The good news is (in my dad is any indication) once you get a little older (my dad's 73) you get more interested in challenging, rebellious, inspiring, artistic movies. My dad was the same as yours until a few years after he retired. then he had more time to see movies and found a wider variety than when he was seeing five to eight a year. Now I'm the busy one and he's recommending movies to me that I miss. Very cool.
 
I don't know if it's so clear cut on the getting older thing. I know plenty of older people that still like what I would consider to be the good movies. Good story, good characters, more artistic in presentation, etc... I, myself, am getting older. I really feel that the whole upgrade in technology that has been happening so rapidly is encouraging more and more of the big budget, big effects driven, short on story and artistic quality movies.

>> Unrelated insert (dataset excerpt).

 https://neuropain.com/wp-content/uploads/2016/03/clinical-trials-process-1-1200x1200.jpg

I think more people have HD televisions and sound systems and they only feel they're getting their money's worth if they are seeing and hearing loud explosions. The medium is becoming more important than the message. The technology of the home entertainment system has been rapidly improving for a long time now, so this trend has been going on for years, even before HD.

I just went to see Spiderman 3 yesterday. There were previews for Pirates 3 and Harry Potter 17 or whatever number they're on. All the previews consisted of were every effects shot in the movie. There was little to nothing that gave a sense of what the stories were going to be about. Pirates did a better job, giving a vague idea of what the plot will be, but mostly focussed for a solid two or more minutes on just showing off the effects.

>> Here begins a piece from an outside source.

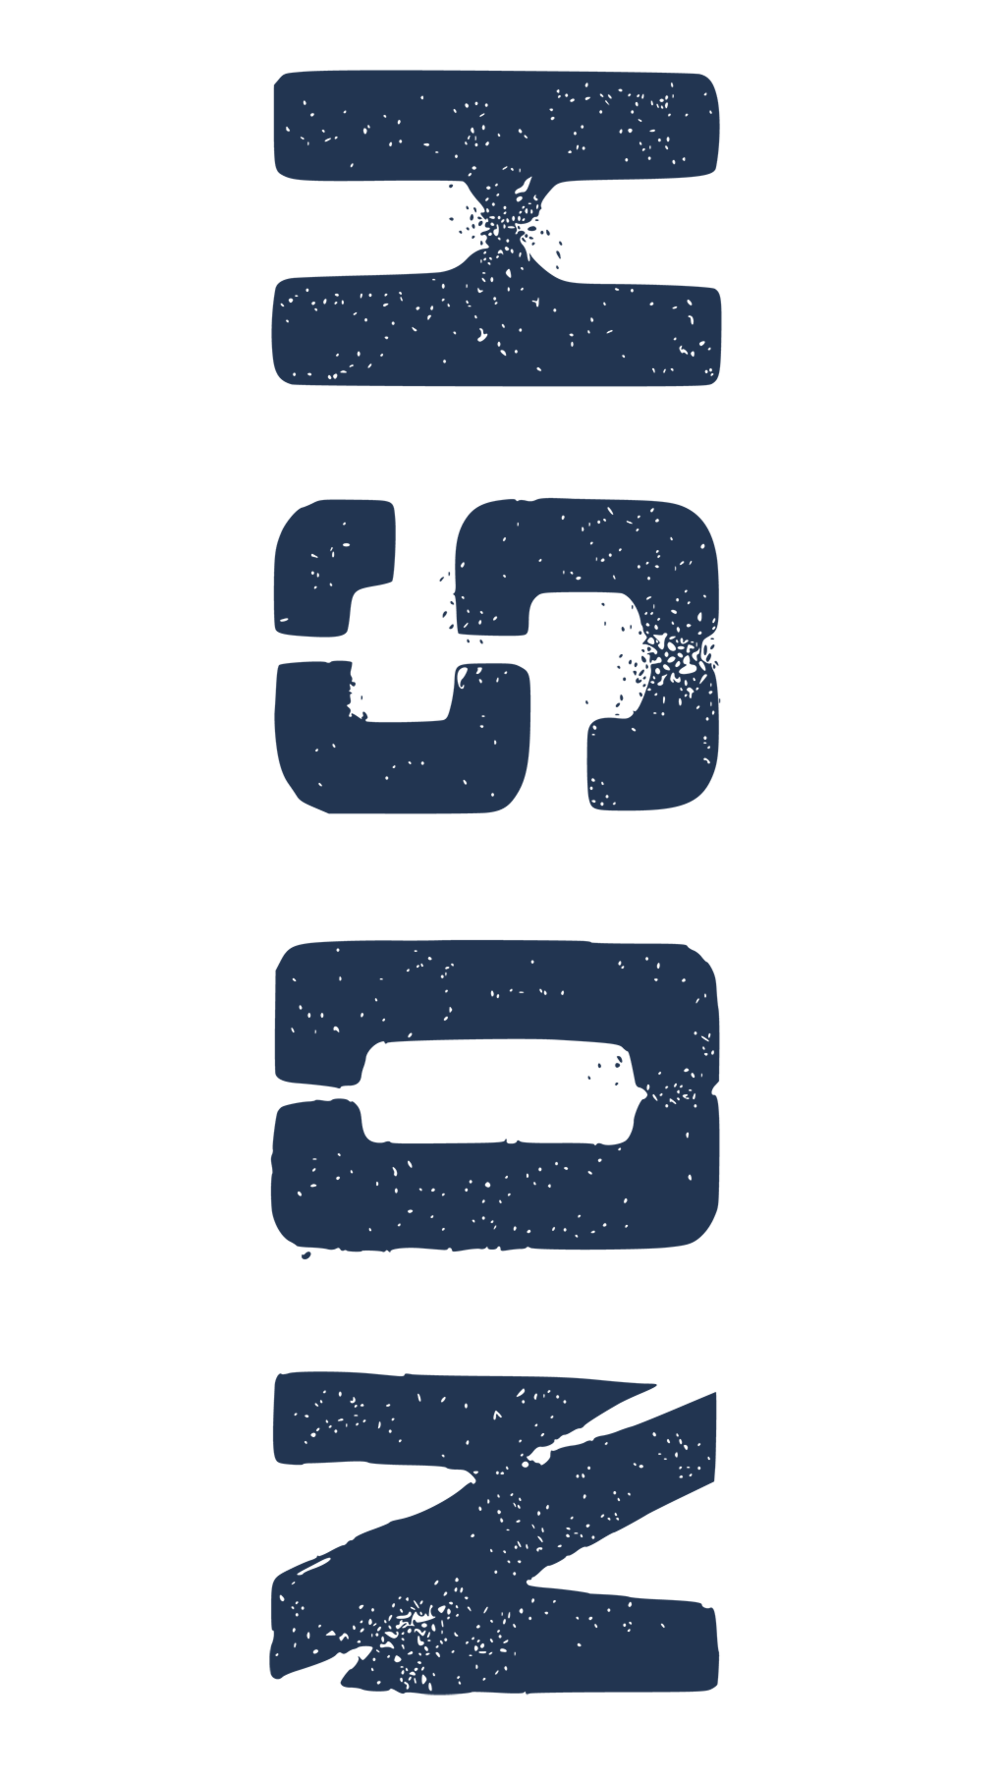 nosh_logo_01-04.png

I know people have always been fascinated by effects. But there used to have to be a story there too because the effects alone weren't so amazing that they could sell millions of people on coming out to the movie. That's what has seemed to change with all the new technology available. Effects become the main focus of the movie, the story is secondary and therefore the artistic quality of the movie.

On the other hand, you have a movie like 300 where the effects are the main artistic quality of the movie and it's a spectacular film. Visually stunning and yet has all the action and explosions and dismemberment anyone, including my dad, could ever ask for. So maybe we have a trend beginning of the filmmaking quality trying to catch up to the technology that's available. And maybe audiences will come back around with it.
 
I AM 504 YEARS OLD AND I LUV GODZILA AND ARMAGEDDON AND DELTA FORCE 3, BUT NOTHING THAT IS BLACK AND WHITE, BECASUE IT MAKES ME FEEL SAD, BECASUE I REMEMBER WHEN I WAS A CHILD, THE WORLD WAS BLACK AND WHITE, AND NOWADAYS THERE'S MORE COLOR, AND BY THAT I MEAN COLORED PEOPLE. I TELL YOU, 500 YEARS AGO, MOVIES WERE CALLED TALKIES, AND THEY ALL STARRED JESUS, AND EVERYBODY HAD ORGIES IN THE THEATRE, BUT NOW EVERYBODY JUST BLOWS SHIT UP AND SHOOTS BOATS AND CARS. IF I WERE A MOVIE MAKER, IT WOULD BE ALL BLACK AND WHITE MOVIES WITH COLORED PEOPLE AND JESUS STARRING, AND THEY WOULDN'T SHOOT BOATS AND CARS AND BLOW SHIT UP, THEY'D HAVE ORGIES ON BOATS AND CARS LIKE THE OLD DAYS.... WAIT, THE NURSE IS BREAKING DOWN THE DOOR... I HAVE TO GO... THEY'LL GIVE ME MEDS NOW, AND i'LL GO SLEEP,FFNMNO',FA
LET ME GO!MVLDKVNLDBKLsTUPIDDOCTOR!!NOOOOONNNNNNNNNNNN
 
Here's the feline version of Spatula:

dunno-bout-u-guyz-but-is-ready-for-the-nuclar-warz.jpg
 
I'm weird in the mornings, hmph.

And I'm not afraid of the nuclear war, I'm looking forward to the next stage in human evolution, which will happen in December, 2012. After that, I should have sufficient mental powers to manifest every nuclear weapon on the planet and hurl them into the sun. But nice kitty in a bag. LOL.
 
The point for us is the film will look so much better in B&W with colour splashes. We know this could kill business but then again how much business will an action film shot for under £10k on HDV with no real stars to speak off actually make? It's ot like it's a studio film like MI3 we talking here...

Thanks for the opinions guys and gals, much apprciated!